GIVEN DATA:
================================

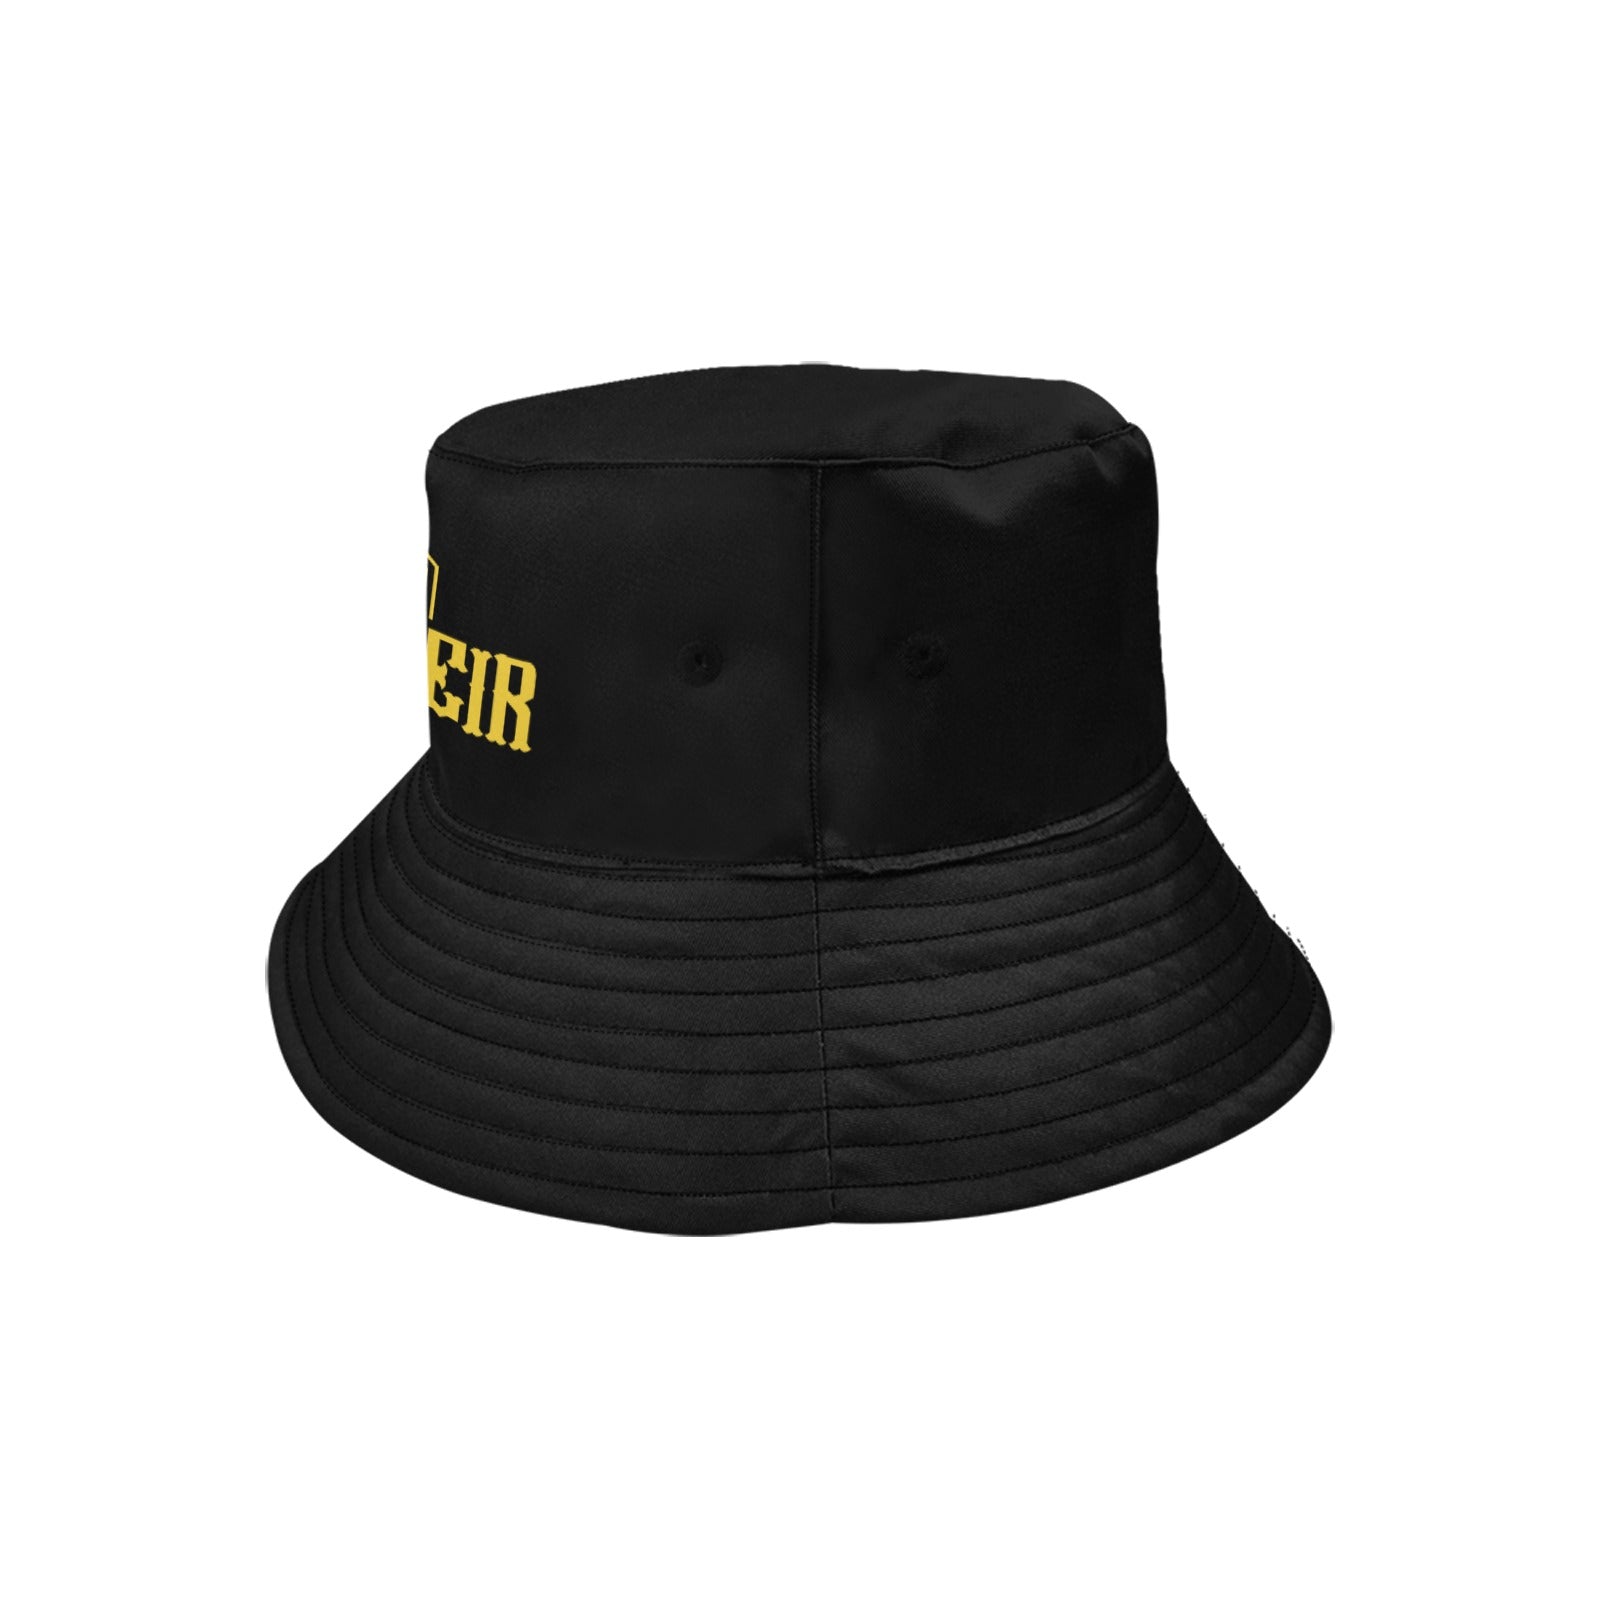 Kingdom Heir Bucket Hat
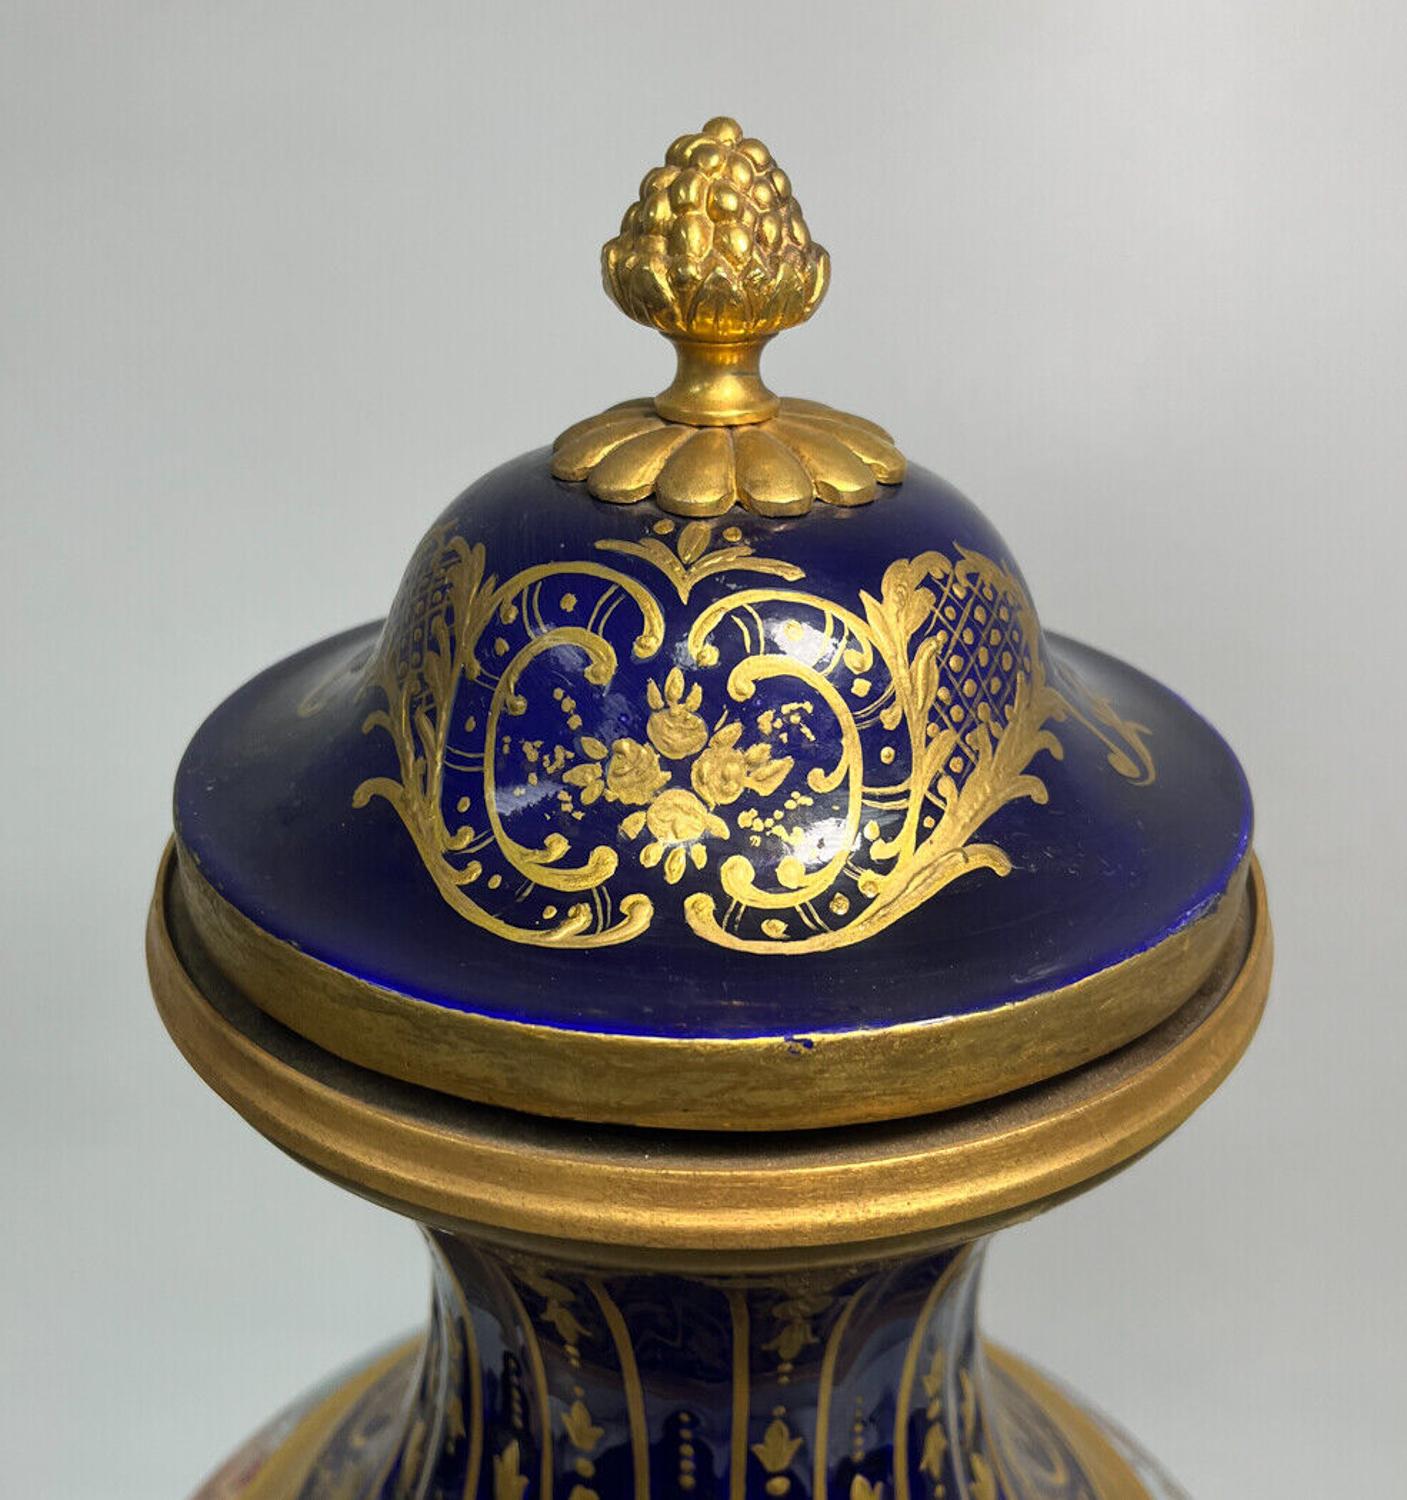  Sevres France Porcelain Large Decorative Urn, Late 19th Century  For Sale 4
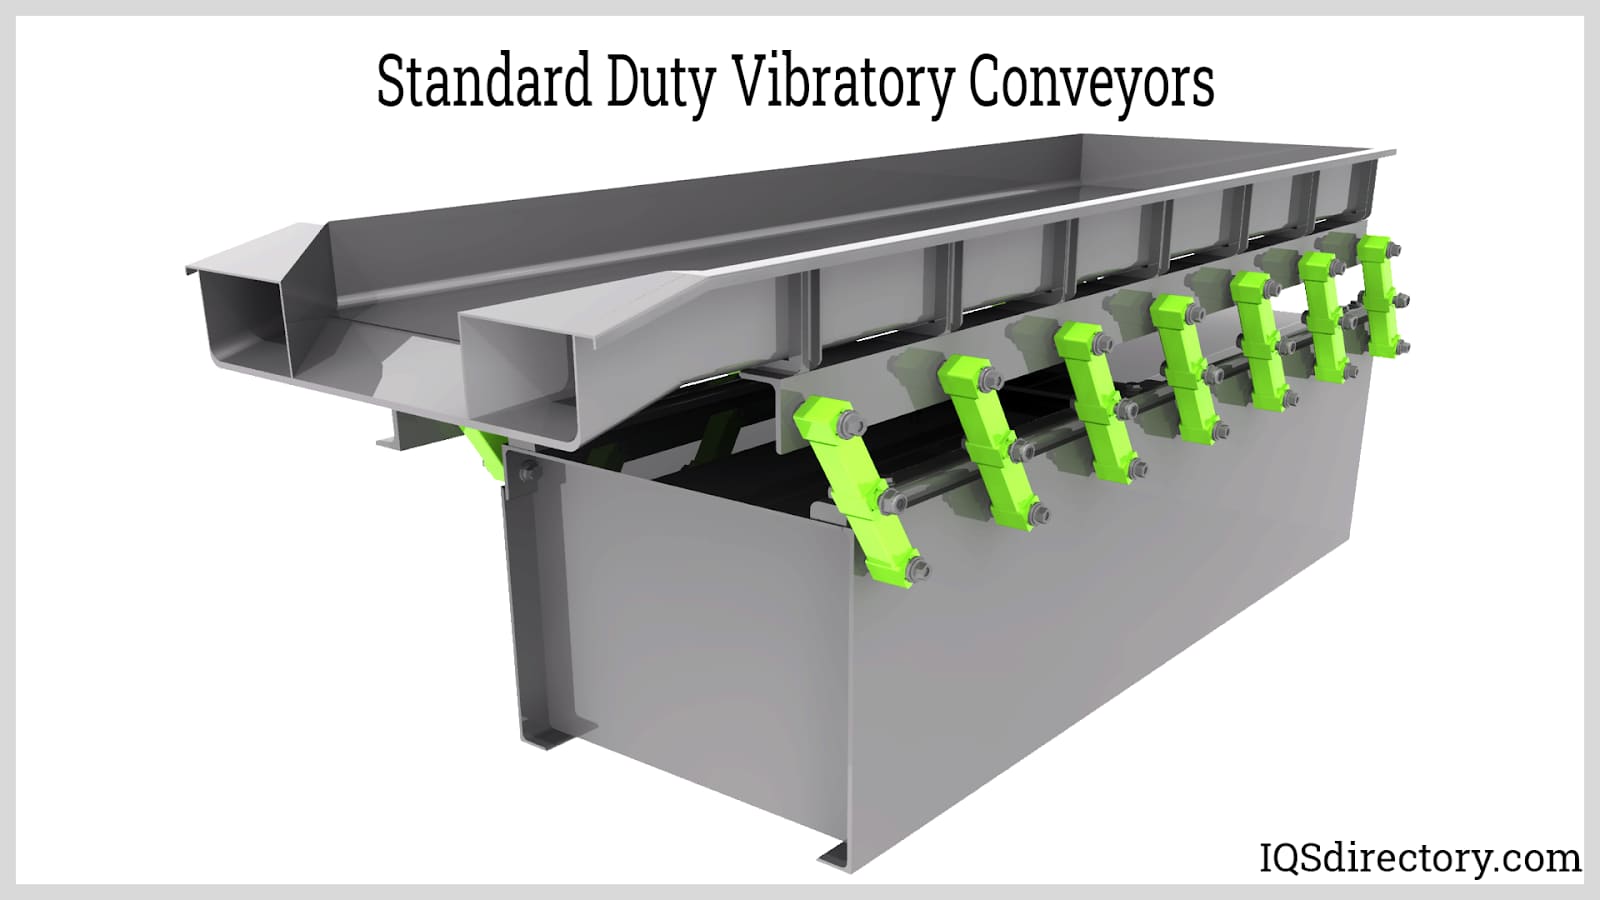 Standard Duty Vibratory Conveyors
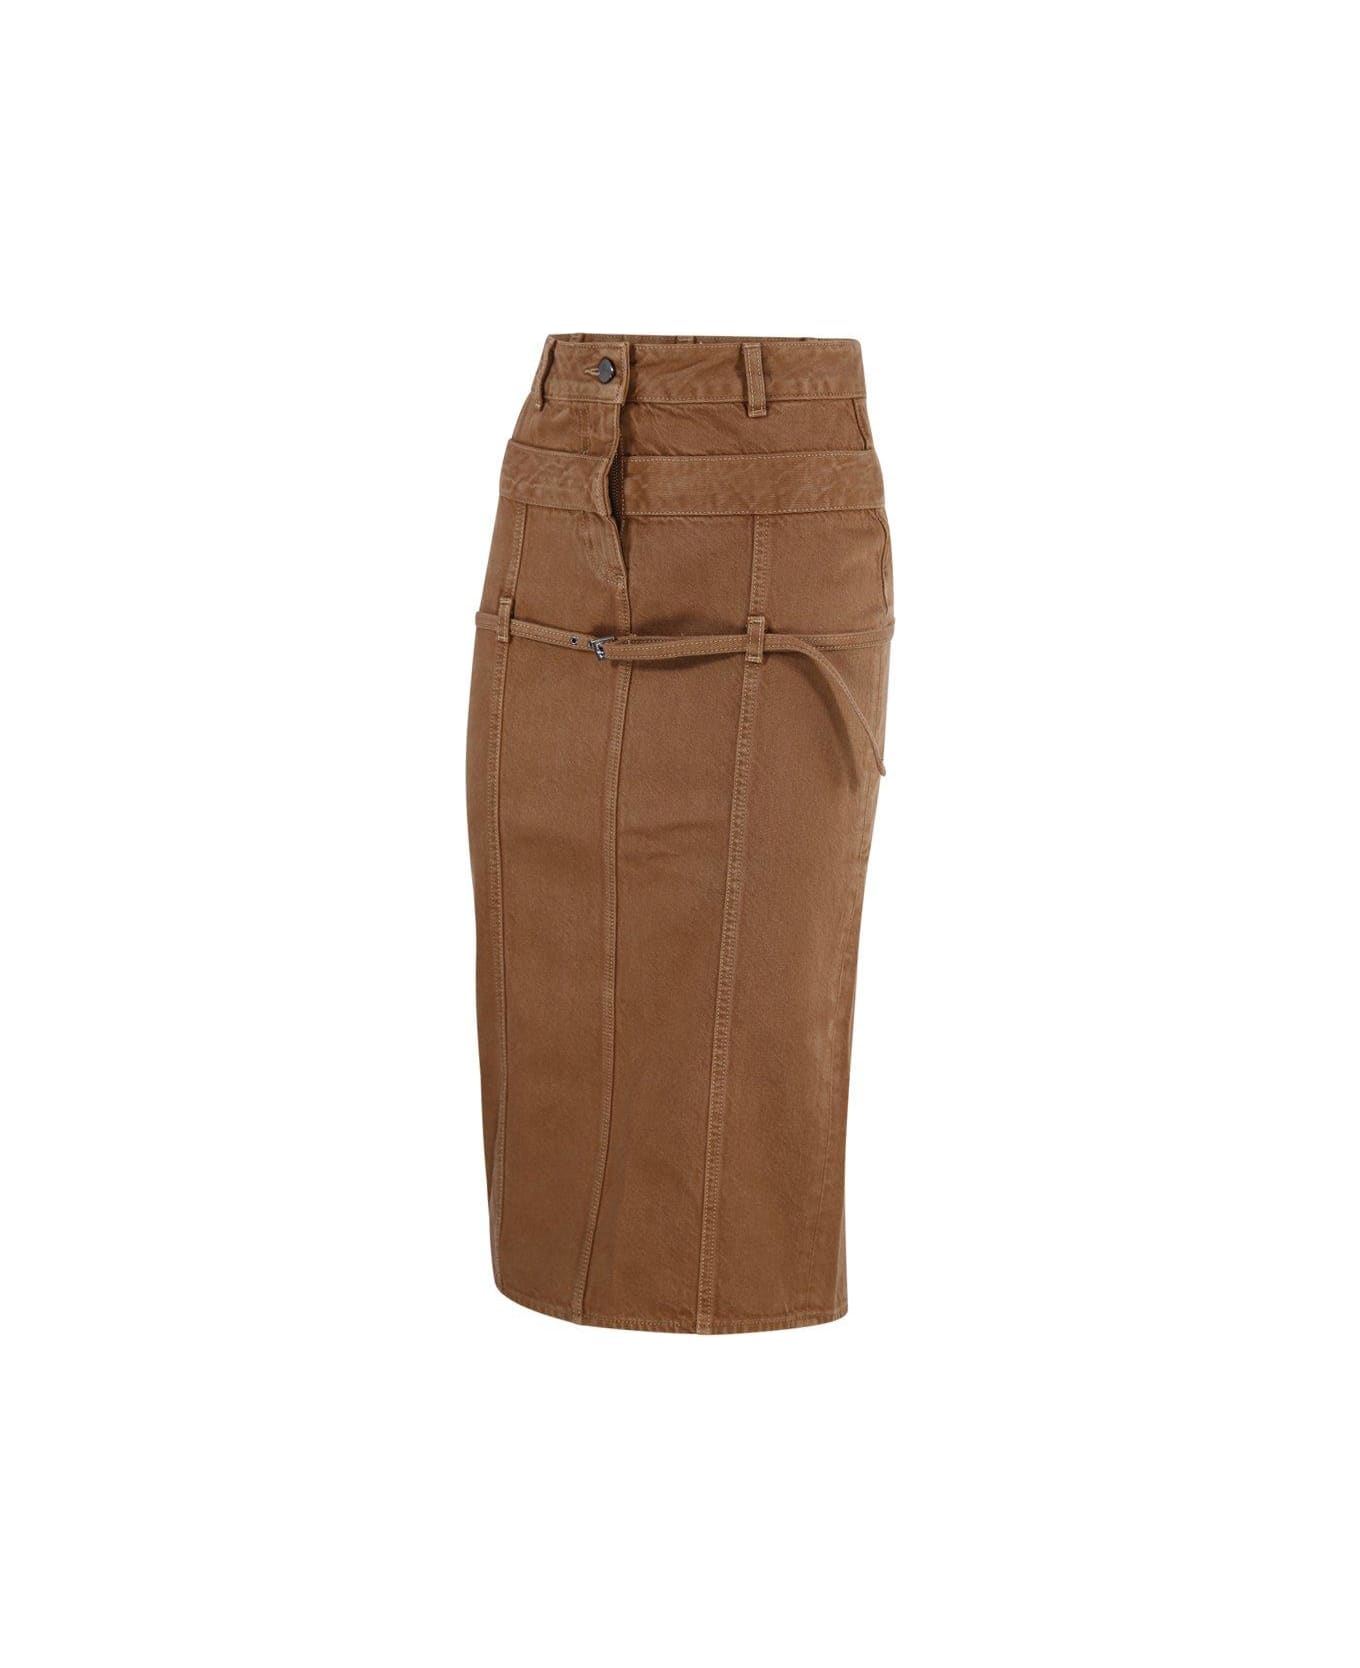 Jacquemus Denim Back-slit Skirt - A Camel Beige スカート

================================

TASK REQUIREMENTS: Every line above should be output exactly, except for the pictures.

OUTPUT OF THE TASK:
 Kingdom Heir Bucket Hat
  Sevres France Porcelain Large Decorative Urn, Late 19th Century  For Sale 4
 Standard Duty Vibratory Conveyors
 Jacquemus Denim Back-slit Skirt - A Camel Beige スカート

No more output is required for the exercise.